Halifax company pilots new technology to track lobster traps

Lobster fisherman Jamie Osborne, right, is shown attaching a tagging device to one of his traps. Yuan Yao, left, is a product director with Marine Thinking. (Gareth Hampshire/CBC - image credit)
Lobster fisherman Jamie Osborne, right, is shown attaching a tagging device to one of his traps. Yuan Yao, left, is a product director with Marine Thinking. (Gareth Hampshire/CBC - image credit)

A Halifax startup is testing out new technology aimed at helping the fishing industry recover lost lobster traps and other fishing gear that can be deadly to marine life.

The company, Marine Thinking, has launched a pilot project that involves tagging the traps with high-tech devices. The tags send signals to specially designed consoles on fishing vessels that allow crews to monitor where their equipment is using their phones or other devices.

"Almost every fisherman loses traps in their season, so there is a big economic driver behind it," said Yuan Yao, a product director with the company. "So you can identify them and retrieve them, preventing that loss from happening."

The initiative is receiving $250,000 from Fisheries and Oceans Canada's ghost-gear fund, which supports projects targeting lost or discarded fishing equipment.

It is estimated that between 600,000 and 800,000 metric tonnes of ghost gear goes into the world's oceans every year, the department says. A non-profit group called Coastal Action collected more than 32 tonnes of lost gear on shorelines and in waters around Nova Scotia last year.

When lobster traps and other fishing equipment is lost in the ocean, "it attracts more fish into it and they can't get out, and in turn it attracts more, and it creates this terrible situation," Yao said, adding that ropes and other gear can be a danger to whales.

Financial incentive

The company is testing its equipment with three lobster fishers this season.

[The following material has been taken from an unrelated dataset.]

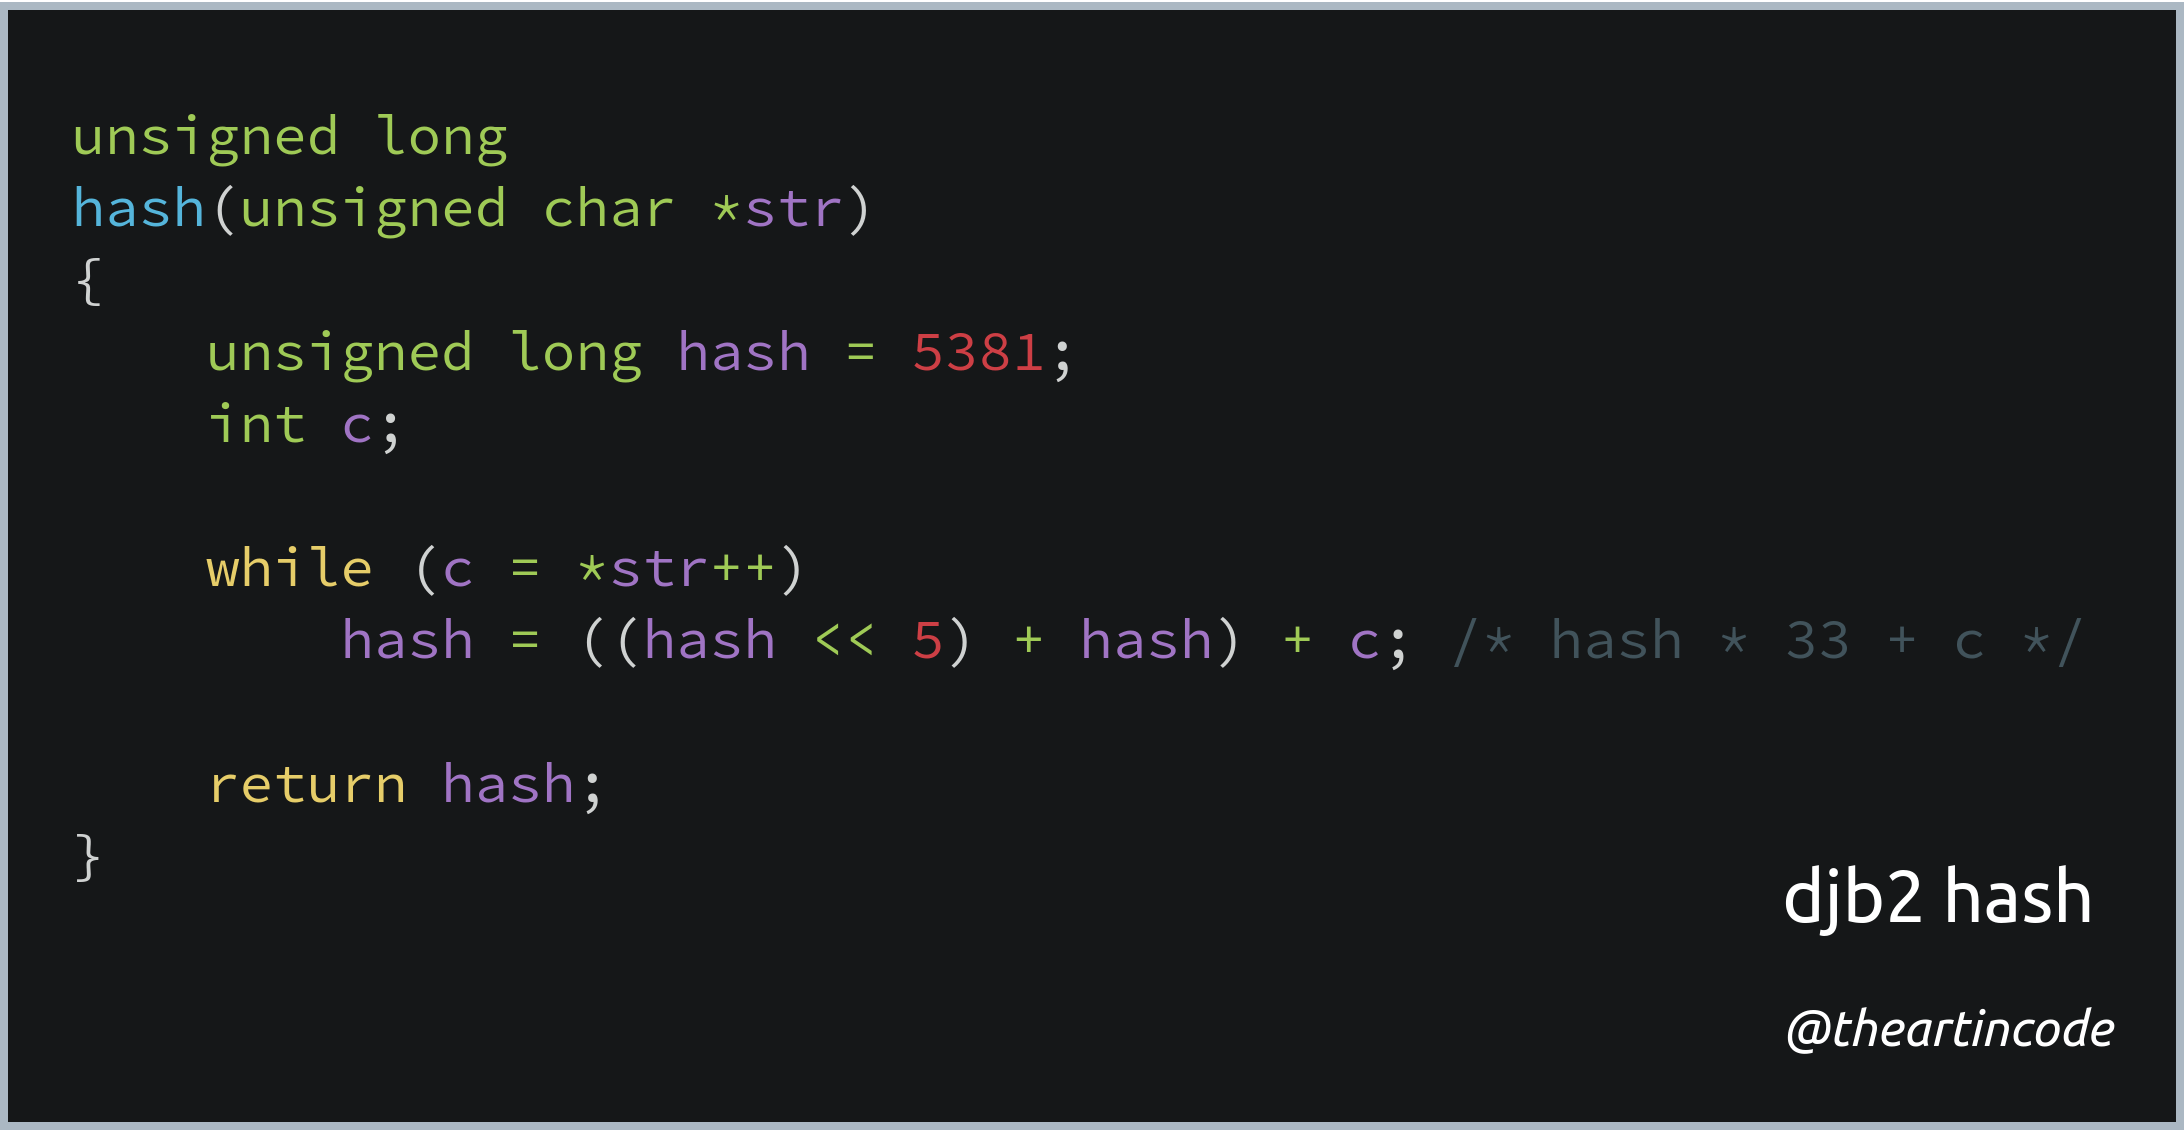 Code snippet of the djb2 hash

One of them is 63-year-old Jamie Osborne, from Eastern Passage, N.S, who has fished lobster for 40 years.

A big reason he's interested in the technology is because of the financial hit he takes when he loses traps.

"Well if it will help me find my gear — because they're expensive to buy, like they're $300 a trap, that's what they cost — and if this will help me retrieve it, I'm all for it," he said.

Brian McKay/CBC
Brian McKay/CBC

Osborne also makes wooden traps himself, but they still cost around $60 in materials.

"I've lost as high as 12 or 15 in a season but last season was good. I only lost five, I think," he said. "Other fishing boats will run across the line or the buoy and it gets around their prop and cuts it off, so then it's gone. You can't get it. So that's how we lose 99 per cent of ours."

All lost gear must be reported to Fisheries and Oceans Canada, which adds additional work for the crew.

Hopes for sustainability

Osborne's daughter Ashley has fished with him for the past 12 years. She's keen to see the development of any technology that can help sustain the fishery.

"I want to keep fishing, my children might want to fish. This all impacts it. Small lobsters can crawl into the trap. They will never grow to size, so if they're down there at the bottom they're stuck there and nobody knows," she said.

Brian McKay/CBC
Brian McKay/CBC

Fishing crews currently mark where their gear is on GPS systems but Yao explained those systems can have their limitations.

"When you deploy a trap into the water, you record on the GPS. But when a storm situation happens, that trap got moved away so you wouldn't know exactly where it is anymore," he said.

The tagging devices will be able to provide locations that retrieval companies can work with to help recover the gear by sending down divers or remote-controlled underwater vehicles.

The system also automatically digitizes the location information, eliminating the need for fishing crews to manually record GPS locations.

The company says it hopes to market the tags with a price tag of around $40, in order to keep the system economical.

It is also exploring the possibility of recording additional information on the devices, such as ocean temperature or the precise locations of a crew's most productive fishing spots.

The company plans to expand the pilot project to 25 fishing crews next season.